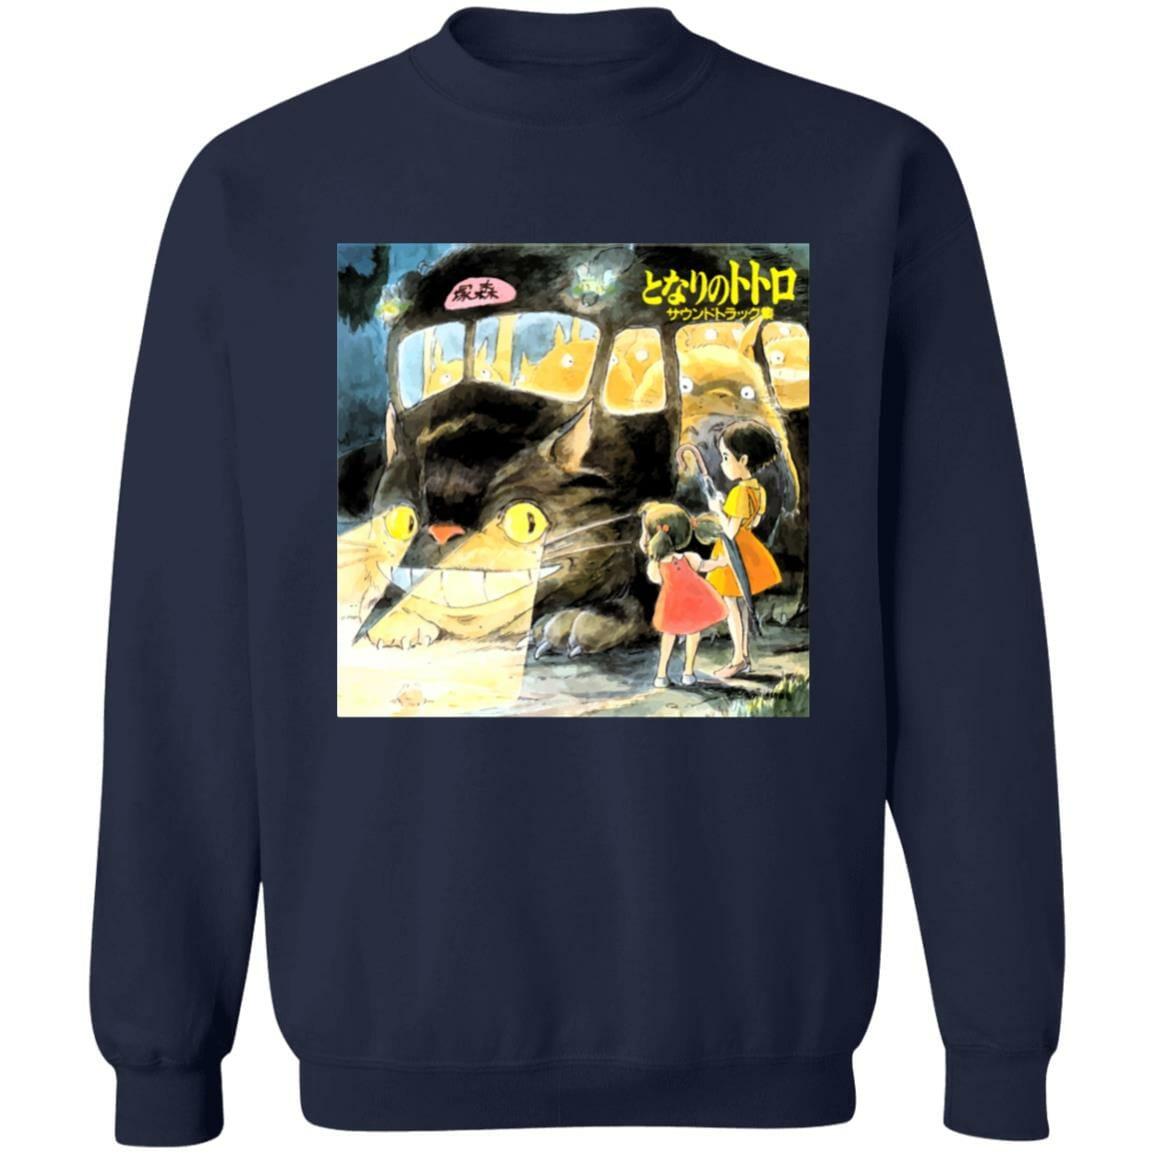 My Neighbor Totoro – Midnight Cat Bus Sweatshirt Unisex
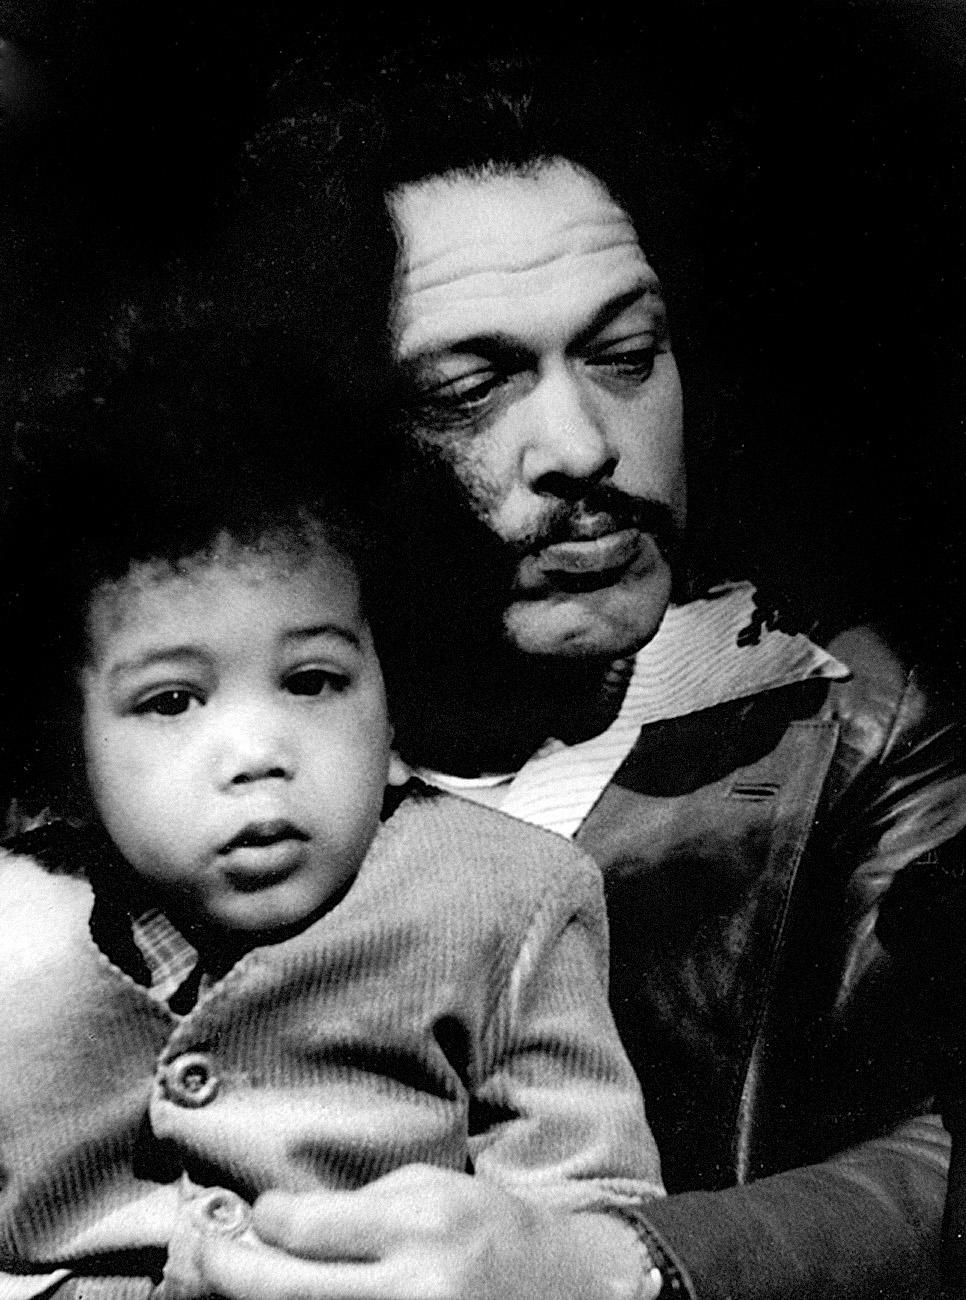 Lyman with his son Lyman III. Photo by Leni Sinclair.
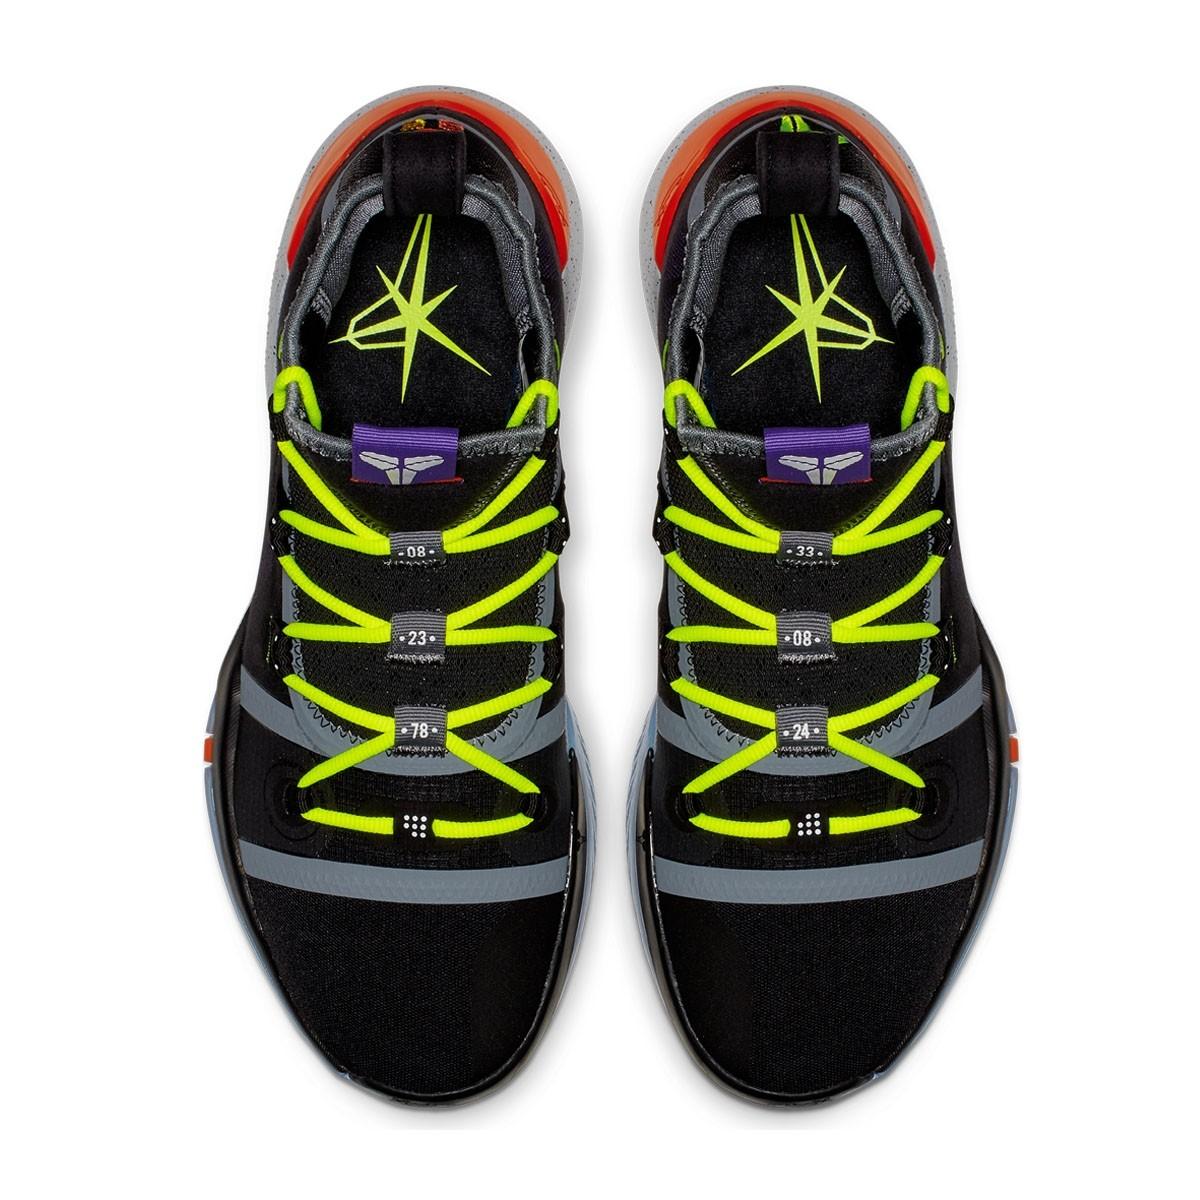 6ac63d8f643 Buy Nike Kobe AD Exodus  Racer Blue  Basketball shoes   sneakers
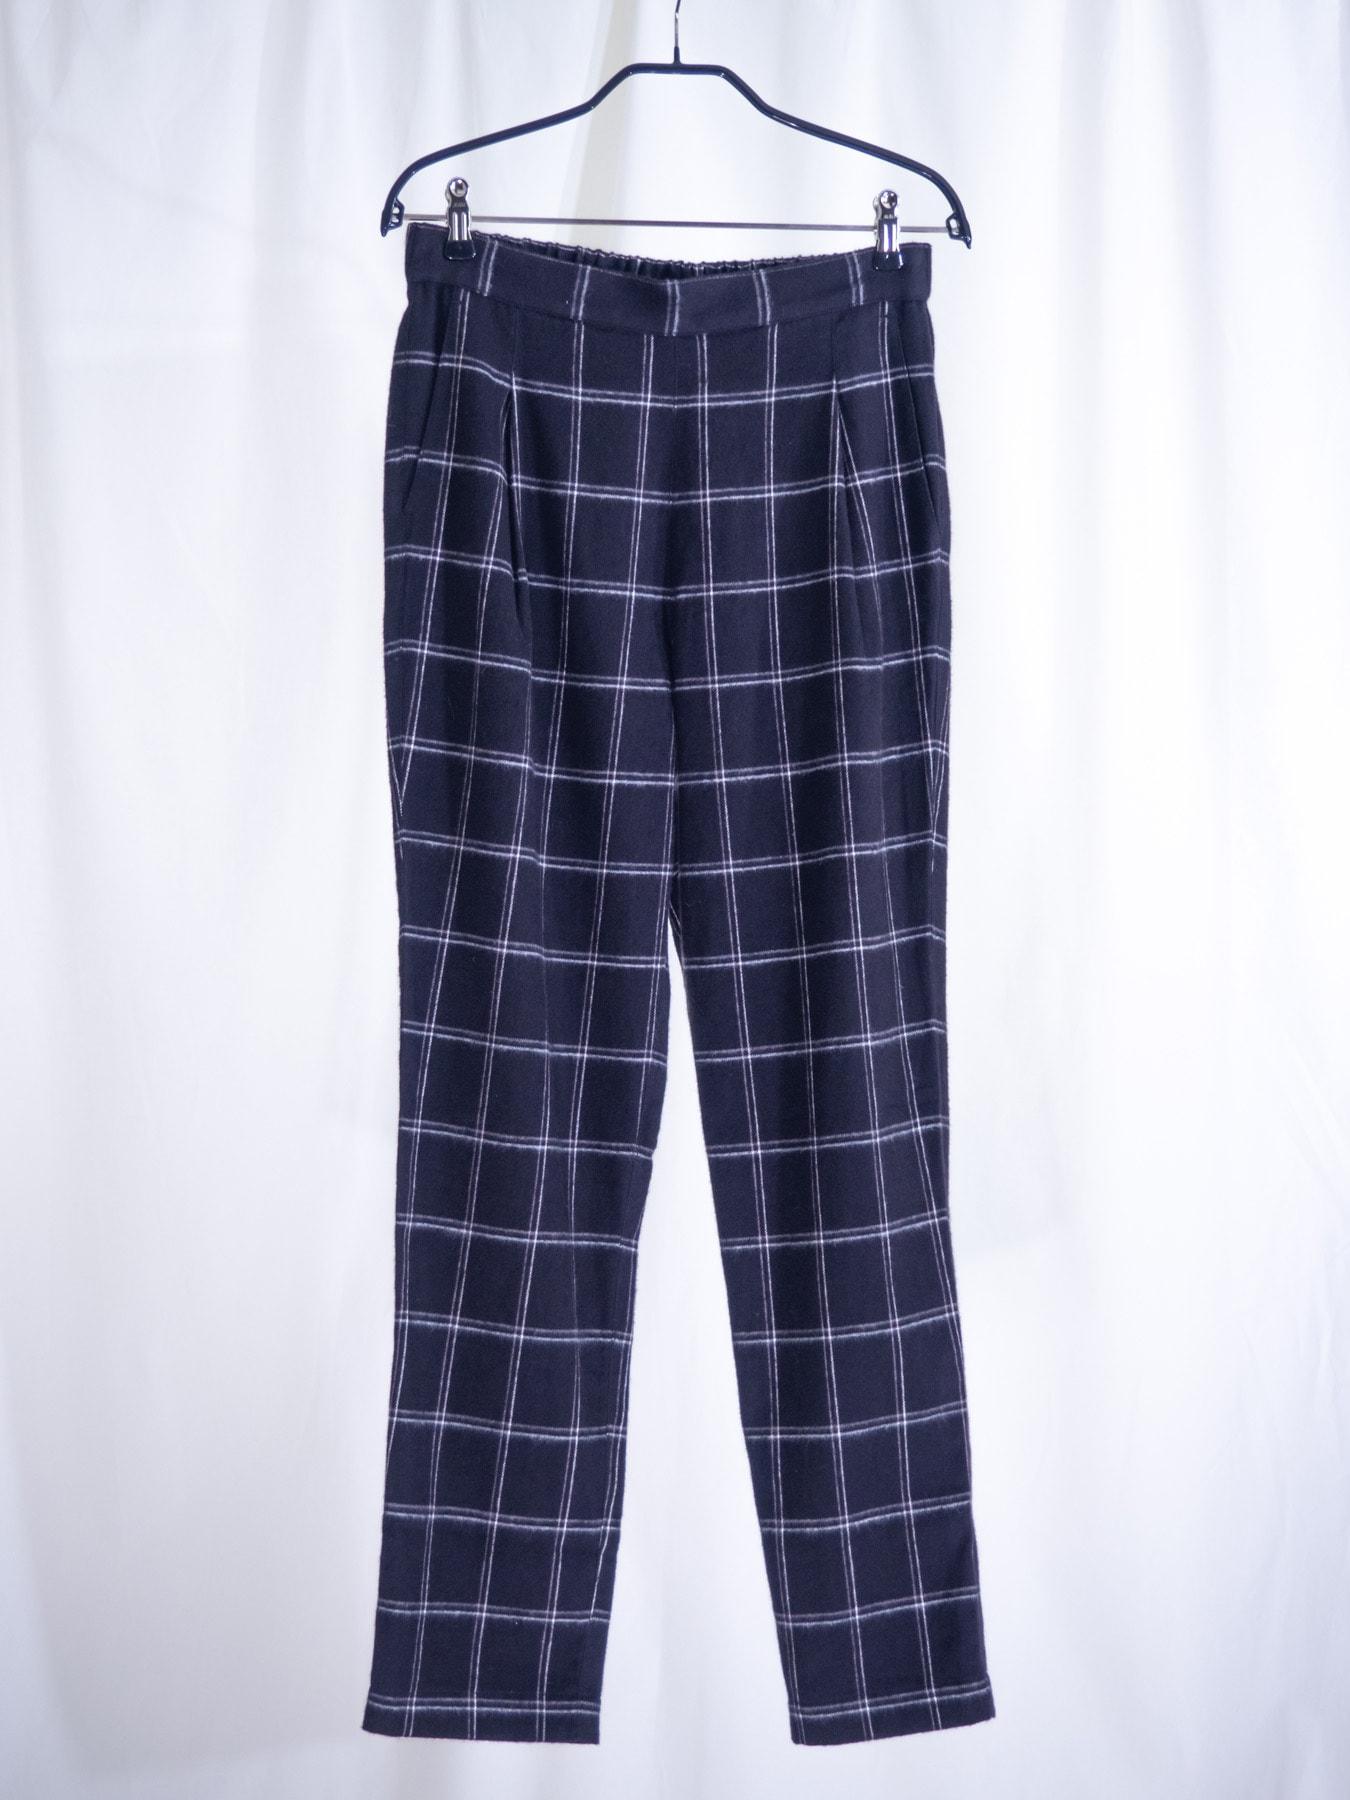 Reiko check trousers

**About this exercise**
Return the complete material above exactly, with no picture.

**Expected output**
 My Neighbor Totoro – Midnight Cat Bus Sweatshirt Unisex
 Lyman with his son Lyman III. Photo by Leni Sinclair.
 6ac63d8f643 Buy Nike Kobe AD Exodus  Racer Blue  Basketball shoes   sneakers
 Reiko check trousers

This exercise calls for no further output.